However, what a lot of teams miss is thinking about the system-wide success criteria that each release needs to meet.
For example, any release to website production needs to meet an agreed set of Core Web Vital criteria before it can be released. If it doesn’t meet the criteria, then developers need to refactor the code so it can be marked as “complete”.
This happens in every release.
How to Action
Testing for non-functional requirements is actually something SEOs do all the time.
For example, did you run a weekly or monthly web crawl on a website? Ever pick up technical SEO issues (noindex, canonicals, etc.) when the development team made a release?

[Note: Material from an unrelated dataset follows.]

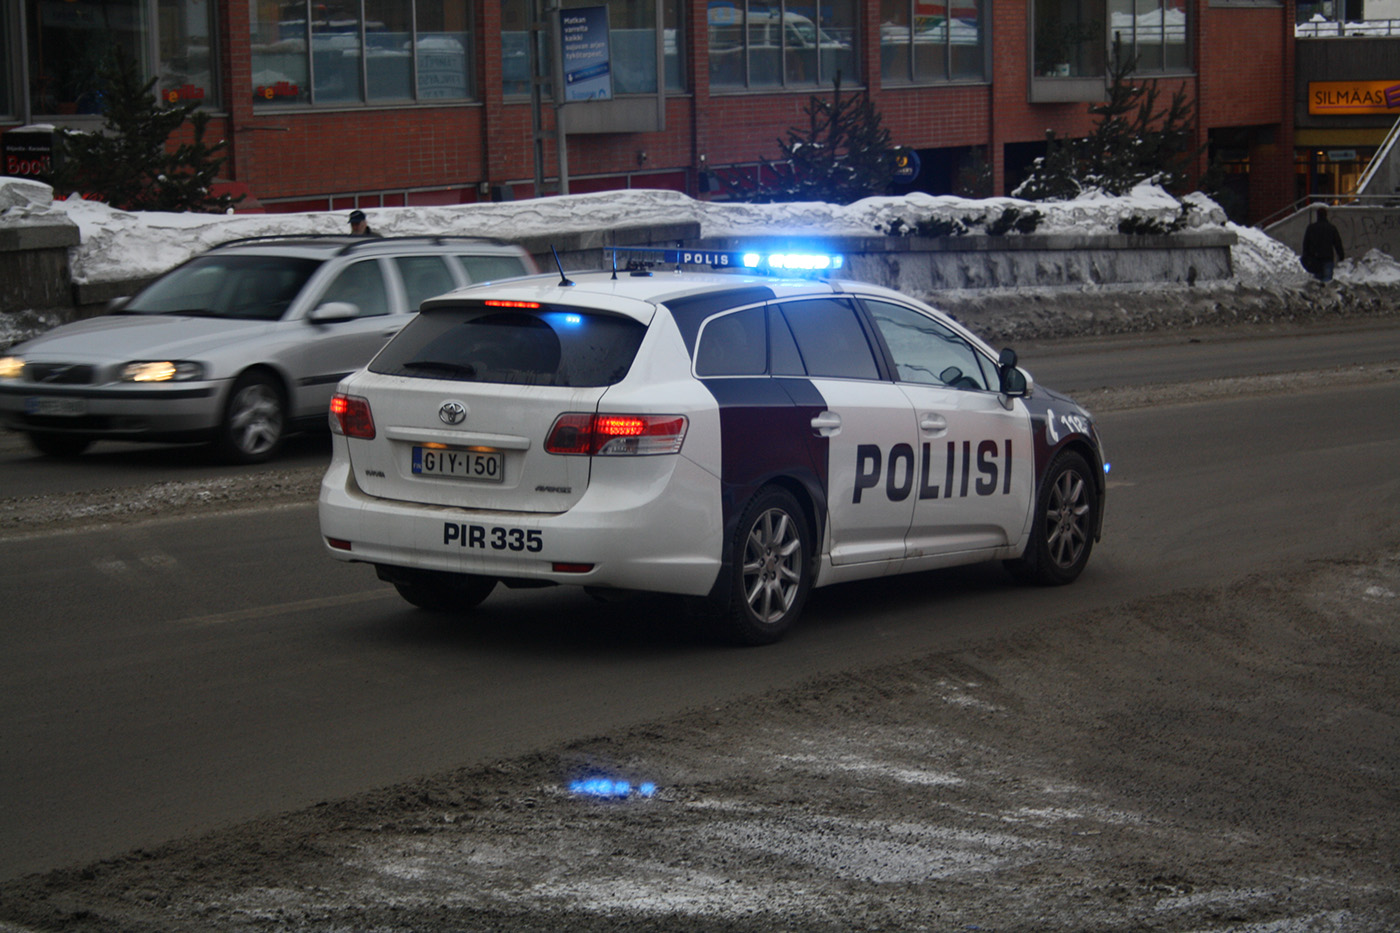 In Finland, speeding tickets are determined by the driver’s annual income. 

Once, a man received a $200,000 fine when driving 50mph in a 25mph zone.

Yeah, you’ve been checking for non-functional requirements.
The problem isn’t picking them up but getting teams to action issues found from the tests.
I follow a simple process to get non-functional requirements actioned:
🤑 Get buy-in - Work with developers to build a business case to build a QA process.
📊 Metrics - Agree with the dev team on what quality attributes need to be measured.
🚦 Priority - Agree with developers on the priority of issues detected (P1, P2, P3, P4).
🧪 QA Testing - Agree with the developers on the QA process and who is responsible.
🔨 Tooling - Invest in tools that can automate a lot of the QA testing to pick up issues.
Remember not all things detected should stop a release and they should be BIG issues.